I recently changed my firewall over to OpnSense and have been locking down my open ports to allowed countries and other “trusted” sources. My end goal is to cut down on the amount of hackers and spam that hits my network on my NAS’s other services.
What I’m running into is when I setup port forwarding in OpnSense it is after my allowed countries firewall rule which is resulting in Plex’s attempt to connect to my PMS to determine accessibility fails.
Ideally what I want to do is setup a firewall rule that allows those specific Hosts that Plex uses for the purpose through the country block (as near as I can tell most of them are in the EU) so that my server is available when I am in hotels, etc.
Normal pfSense (default settings and also available as community version) keeps everyone out by default. Plex runs perfectly on the default rules and nobody gets in
The default operation of pfSense is:
When PMS reaches to the Plex.tv servers, they respond over the same socket.
No inbound connections unless a rule exists to allow it. Replies on such connections are also normal operation.
Yup I am aware of how tight I have my rules. I have good reason for having it set that tight. Right now the only things that are allowed to hit my servers are specifically allowed countries (US, Canada namely.)
I am more than happy to punch holes in that in order to allow specific things through which is why I want a list. I would prefer to not allow all of EU because there is no reason for people from parts of the world outside the US to hit my stuff.
So if I understand what you’re saying there is no set list of IP’s that Plex utilizes for that purpose.
Hmm I’ll have to think about this because I don’t necessarily want to allow all of the AWS domain either because there are plenty of nefarious characters using AWS servers.
@w9hdg I did that a year ago, tcpdumped the connection checking from which IP plex checks the online status, did that a few times, compiled them, resolved plex.tv and all variants and compiled everything in an ipset. That worked for a while and then stopped. Plex changes the ips too often. So i gave up on that and just allowed a few countries and the whole eu-aws ip range(yikes). It suckz, i know. If you find a better solution please let me know
@ChuckPa you guys could make it easier for us and add a hostname to the ips you use to check online status from. status-check.plex.tv or something that dynamically resolves to the ip(s) currently in use for that.
@ChuckPa one could construed your response to be an invitation to use a competitor’s piece of software. As for your dare, I hate to tell you, with port forwarding in place to allow remote access you’ve already punched a gaping hole in your firewall.
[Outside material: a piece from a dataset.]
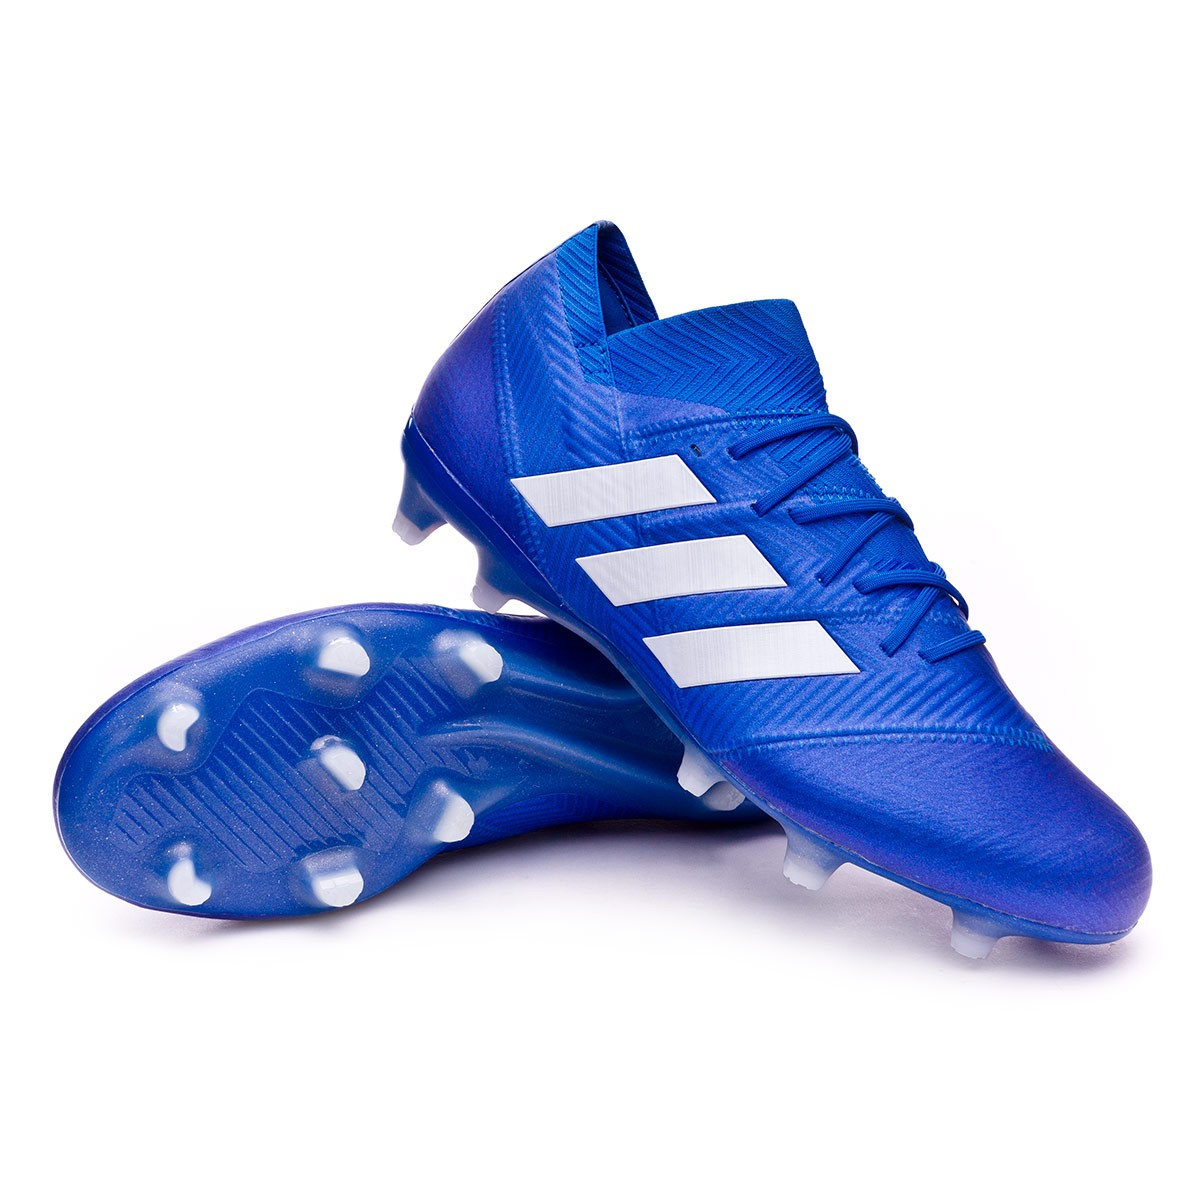 be8871c7956 Football Boots adidas Nemeziz 18.1 FG Football blue-White - Tienda ...

Yes there are steps you can take to mitigate that and I’m glad you have faith in those steps. I am just electing to take a different route to mitigate that hole.
How about looking @Orko’s comments and realize that I’m not the only one that thinks this is a good idea. There are ways to dynamically update a domain so that it resolves to addresses quickly. That would allow Amazon to change IPs as needed and your service to update fairly quickly.
Did I say there is any port forwarding active? No there is not. I do not have sufficient upload bandwidth to stream with
Plex is an always-online, constantly connected, implementation. If this is not a desirable solution then I would be doing a disservice by not recommending another product.
@ChuckPa I think you totally misunderstood the topic here.
No one wants to break in your pfsense box or says its unsecure, also why would you argue that when you are not forwarding a port, which is @w9hdg’s issue in the first place.
All we want is a way to limit the ipranges being able to connect to the forwarded port, which plex in its current iteration makes needlessly hard. A hostname for the service which checks online status solves that problem easily.
Doesn’t have anything to do with tinfoil, or not liking amazon or your pfsense.
I have no problem with it being an always connected solution. I understand that is necessary to enable on-demand remote access via devices such as a Roku.
What I want to do is limit the number of parts of the world who have access to it (sure consider it tin-foil hatish if you want). I have a lot of things locked down with that level of restriction and I punch holes as necessary to accommodate those needs. I am willing to punch holes for this as well, the problem is I need to know where those requests are going to come from in order to punch those holes.
Keeping control of your MachineID, ProcessedMachineID, and AnnonymousID (which are how Plex.tv identifies you) are between you and Plex. Your machine is the master. PMS reads that, plus your PlexOnlineToken when it connects to plex.tv
Without being:
Remote Access enabled
Having your PlexOnlineToken
Or being an account you shared a library to
There is no way to get access unless your host itself is vulnerable.
Amazon AWS is the DOMAIN rule you must allow to reply to requests.
It must also be allowed to create incoming requests for Remote Access.
It sounds to me like you’re saying “Trust the software to protect your data”. I personally don’t subscribe to that theory of security. There are security vulnerabilities found in software all the time. Have a port exposed makes a system vulnerable unless the code is perfect which no one is capable of writing with a system as complex as Plex.
What we want is a way to keep the more nefarious characters of the web out by limiting what parts of the world (IP Ranges) can connect to that to that port.